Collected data
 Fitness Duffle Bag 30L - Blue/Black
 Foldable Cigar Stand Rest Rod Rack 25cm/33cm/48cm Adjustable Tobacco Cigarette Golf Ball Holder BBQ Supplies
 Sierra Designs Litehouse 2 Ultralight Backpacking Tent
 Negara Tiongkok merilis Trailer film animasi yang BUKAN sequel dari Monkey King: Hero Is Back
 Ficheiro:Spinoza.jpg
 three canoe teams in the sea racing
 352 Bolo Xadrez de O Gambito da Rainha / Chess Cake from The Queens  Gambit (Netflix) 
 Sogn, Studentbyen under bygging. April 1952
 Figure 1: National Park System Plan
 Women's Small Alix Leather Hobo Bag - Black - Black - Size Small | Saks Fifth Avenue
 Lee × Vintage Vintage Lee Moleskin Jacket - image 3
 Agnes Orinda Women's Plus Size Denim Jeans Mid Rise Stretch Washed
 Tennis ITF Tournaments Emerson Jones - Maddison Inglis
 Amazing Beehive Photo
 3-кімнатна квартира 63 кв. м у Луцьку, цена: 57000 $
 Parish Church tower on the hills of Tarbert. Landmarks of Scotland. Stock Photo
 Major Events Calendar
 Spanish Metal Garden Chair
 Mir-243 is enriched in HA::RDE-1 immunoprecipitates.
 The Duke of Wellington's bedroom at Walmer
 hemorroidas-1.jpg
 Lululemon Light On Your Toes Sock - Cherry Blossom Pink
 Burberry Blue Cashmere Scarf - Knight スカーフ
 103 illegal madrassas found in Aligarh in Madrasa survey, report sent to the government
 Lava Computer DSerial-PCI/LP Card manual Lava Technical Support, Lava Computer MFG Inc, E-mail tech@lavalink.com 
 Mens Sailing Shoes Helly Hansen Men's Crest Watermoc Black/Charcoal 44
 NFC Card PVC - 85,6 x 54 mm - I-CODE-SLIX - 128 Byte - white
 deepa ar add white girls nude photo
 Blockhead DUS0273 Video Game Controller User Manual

- _Required work_: Copy exactly the lines from the top of the entries through the line with "Figure 1: National Park System Plan" in it, please, keeping both ends and adding nothing.

- _Reply to the exercise_:
 Fitness Duffle Bag 30L - Blue/Black
 Foldable Cigar Stand Rest Rod Rack 25cm/33cm/48cm Adjustable Tobacco Cigarette Golf Ball Holder BBQ Supplies
 Sierra Designs Litehouse 2 Ultralight Backpacking Tent
 Negara Tiongkok merilis Trailer film animasi yang BUKAN sequel dari Monkey King: Hero Is Back
 Ficheiro:Spinoza.jpg
 three canoe teams in the sea racing
 352 Bolo Xadrez de O Gambito da Rainha / Chess Cake from The Queens  Gambit (Netflix) 
 Sogn, Studentbyen under bygging. April 1952
 Figure 1: National Park System Plan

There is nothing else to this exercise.